Giving dynamic thresholds in alertmanager.

38 views
Skip to first unread message

Yagyansh S. Kumar

unread,
Mar 11, 2020, 1:00:57 PM3/11/20
to Prometheus Users
Hi. I have configured alert for CPU Load for my servers and my current threshold is 8 for warning and 10 for critical.
I want to make this threshold dynamic i.e I want the critical alert when the CPU Load becomes greater than the number of CPU Cores of the machine.
Eg.

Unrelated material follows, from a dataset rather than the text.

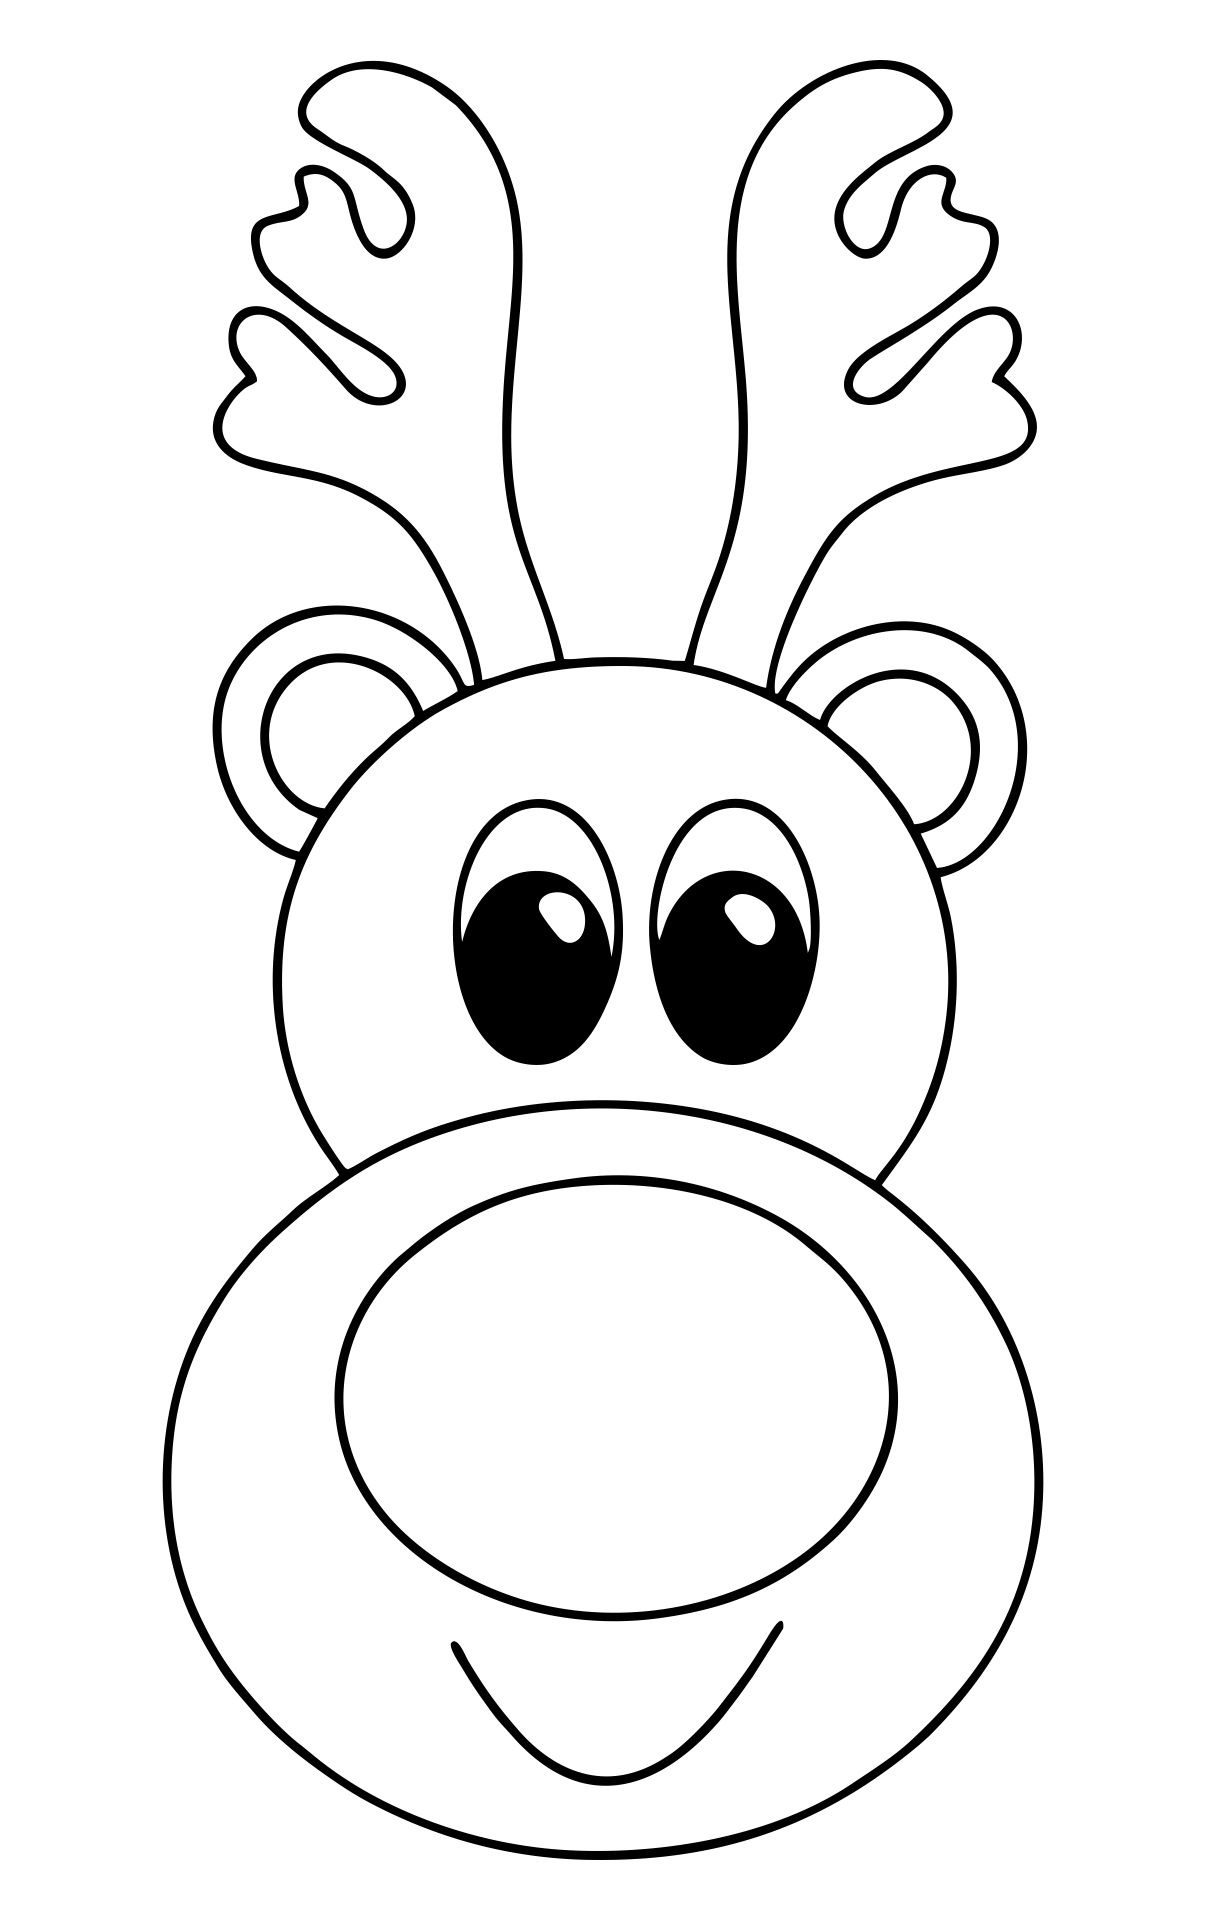 Reindeer face template printable reindeer face rudolph coloring pages reindeer printable

For a server with 8 CPU cores, I want a critical alert when CPU load > 8 and for a machine with 16 CPU cores, I want a critical alert when CPU Load > 16.

Thanks in advance!

Harald Koch

unread,
Mar 11, 2020, 1:17:14 PM3/11/20
to Prometheus Users
    count without (cpu, mode) (node_cpu_seconds_total{mode="system"}))

is one way of counting the number of CPUs on a server, so:

    (node_load5 / count without (cpu, mode) (node_cpu_seconds_total{mode="system"})) > 1

would alert you when the (5 minute) load average is greater than the number of CPUs.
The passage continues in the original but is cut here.